◆ Prompt:
Write out exactly, and only, the lines below from the line with "AEW e NJPW: Shawn Spears sfida Jay White" through the line with "HighDot-Studios-Wedding-Cedar-Bend-Event-Center -Austin-Kim and"; pictures do not belong in the copy.
╭─ Information
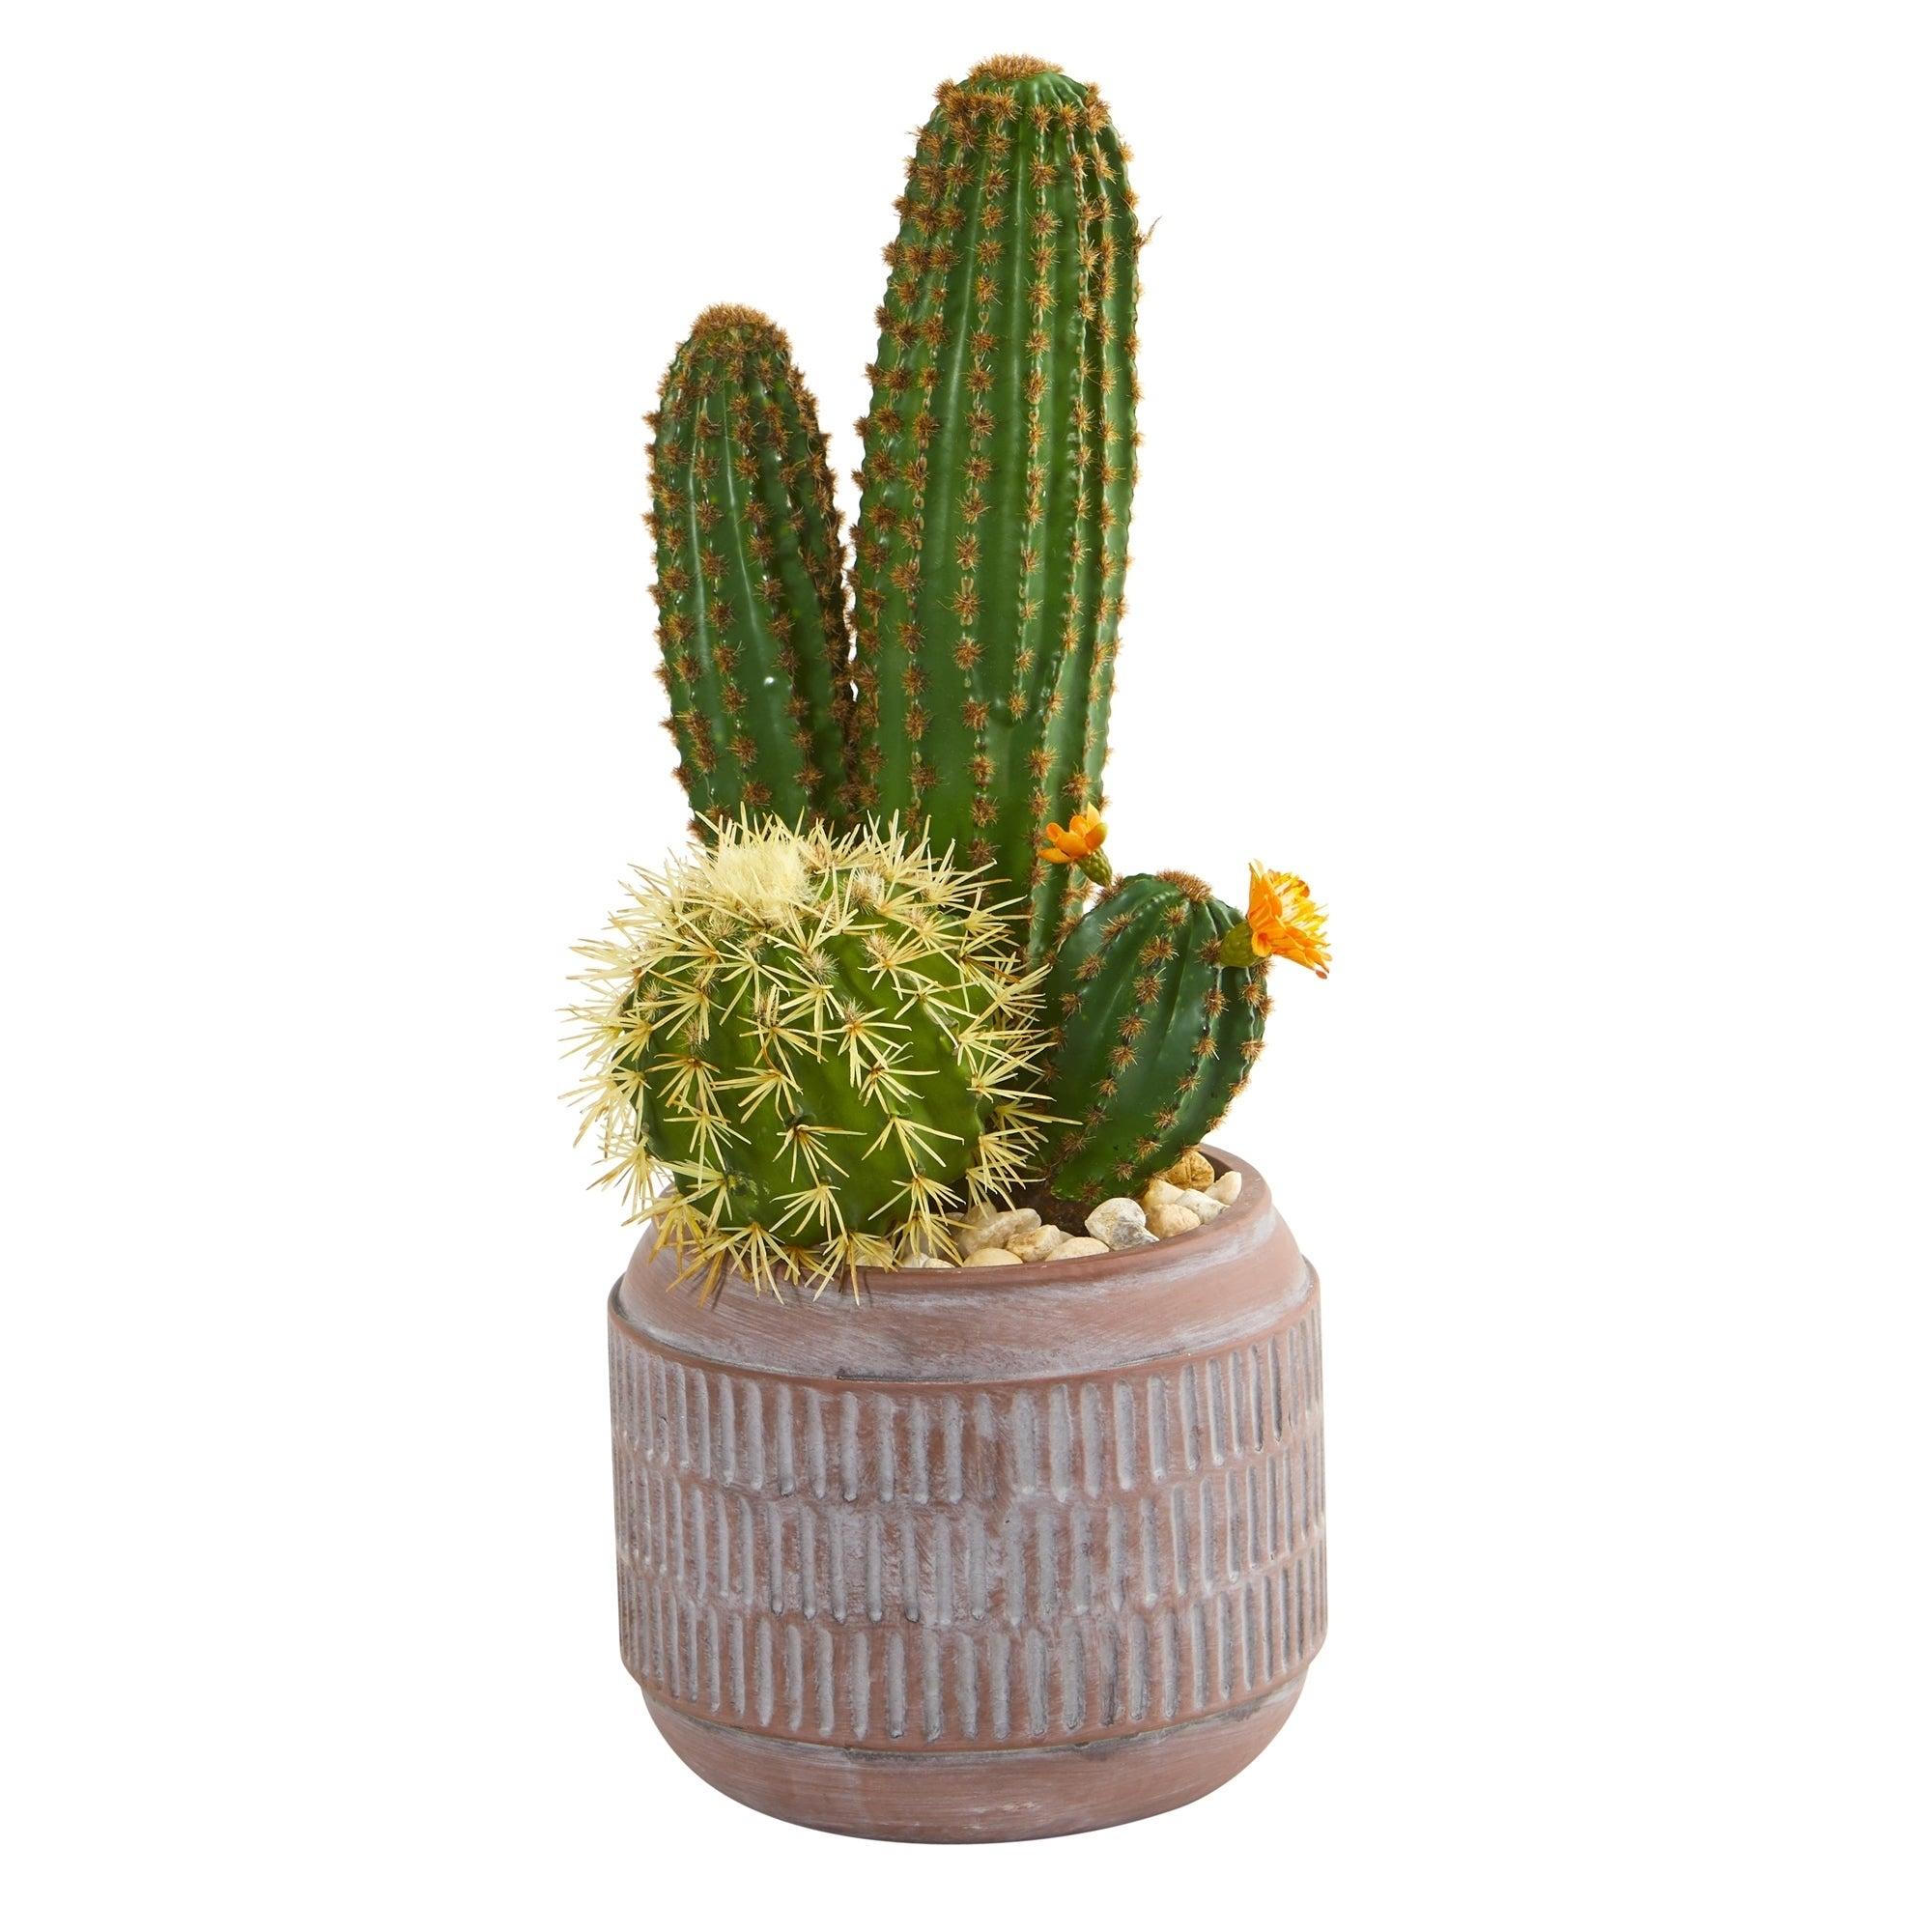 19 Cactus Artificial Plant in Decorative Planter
╰─
╭─ Information
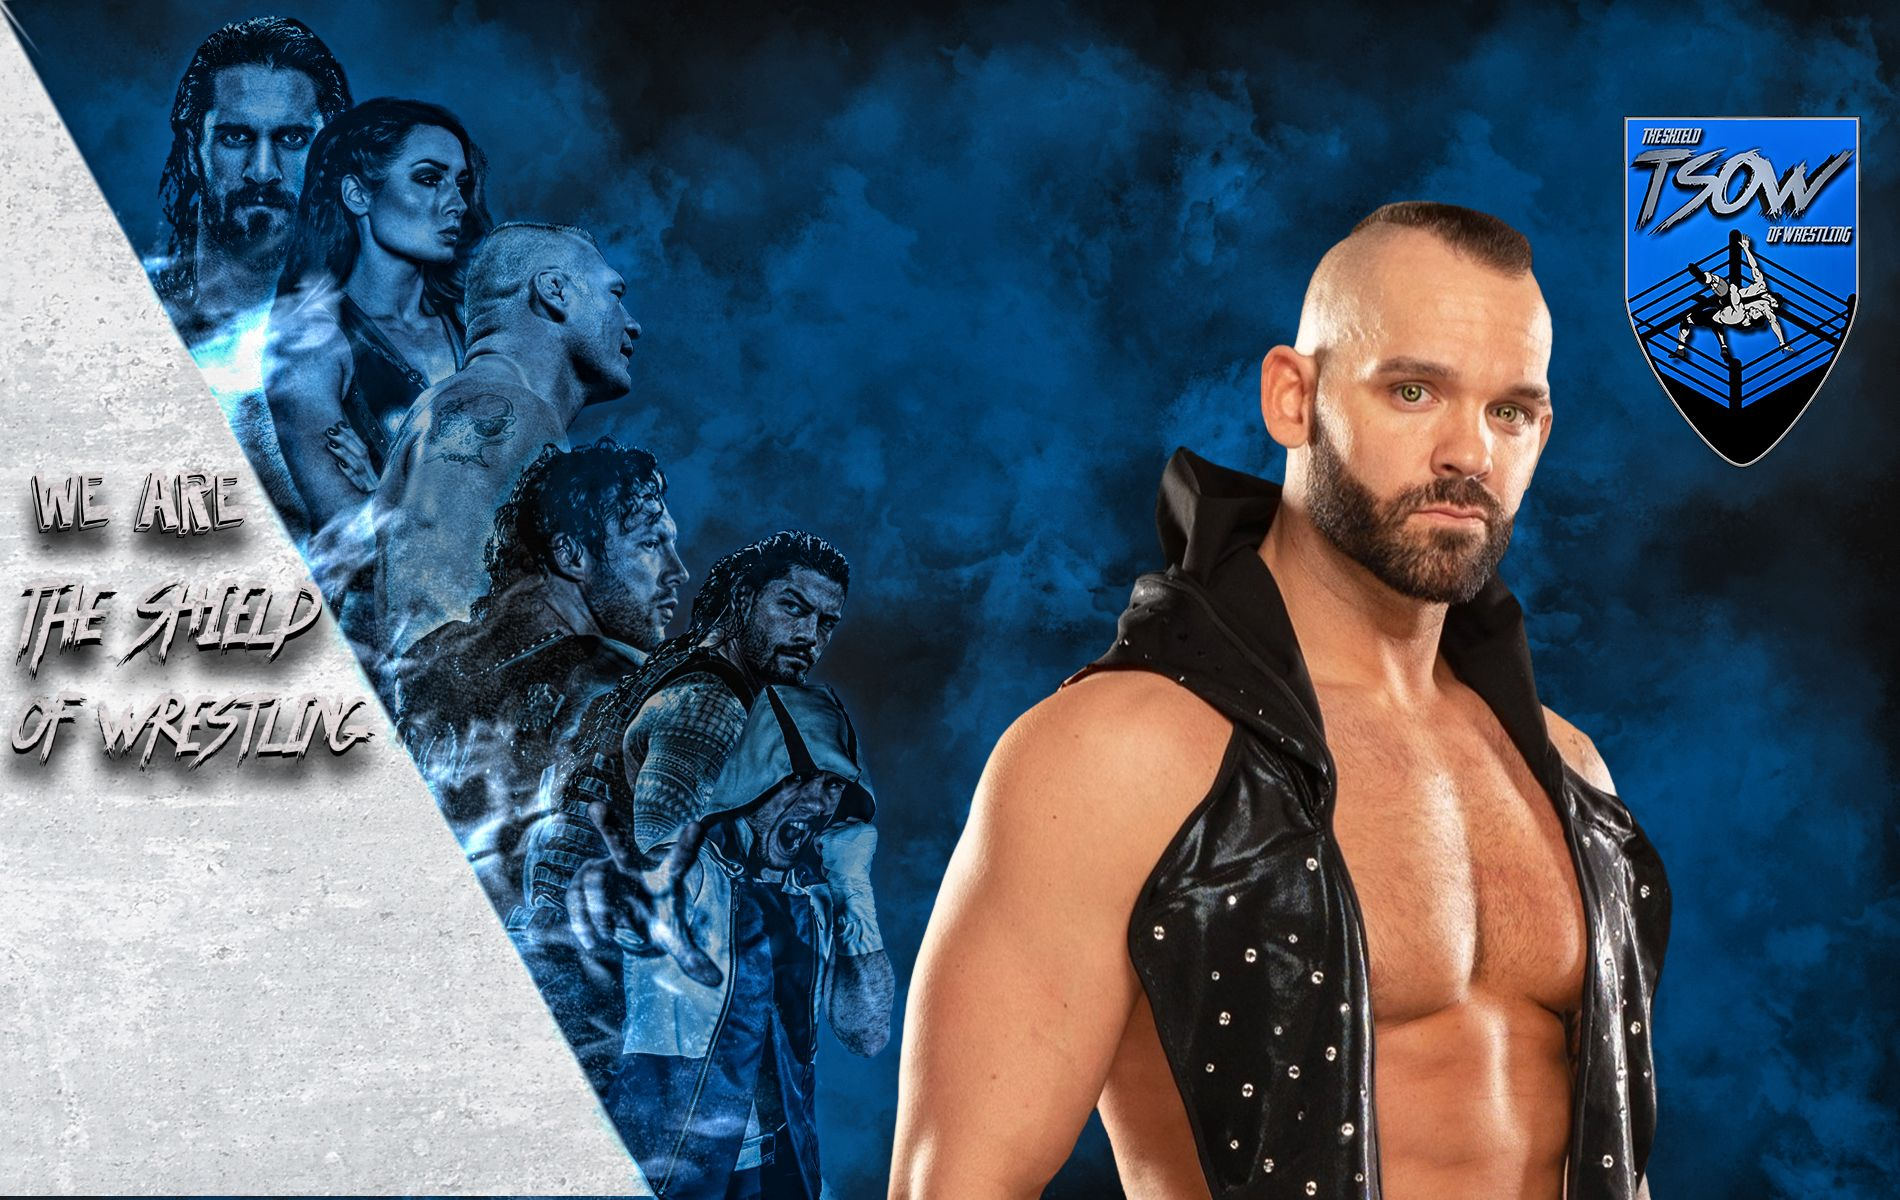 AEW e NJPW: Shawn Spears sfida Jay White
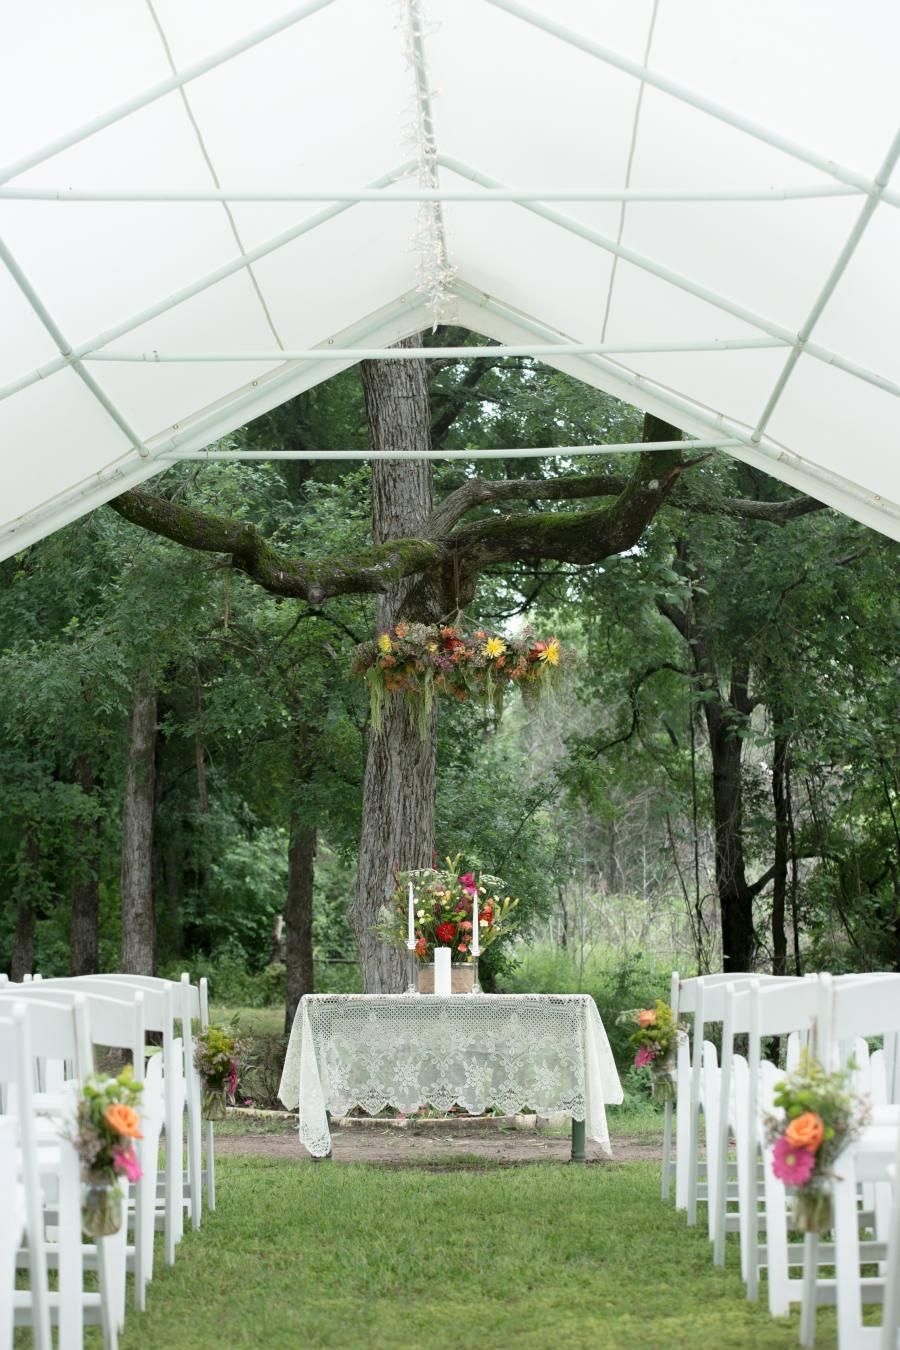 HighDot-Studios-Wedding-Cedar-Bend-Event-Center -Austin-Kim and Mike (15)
╰─
◆ Task answer:
 AEW e NJPW: Shawn Spears sfida Jay White
 HighDot-Studios-Wedding-Cedar-Bend-Event-Center -Austin-Kim and Mike (15)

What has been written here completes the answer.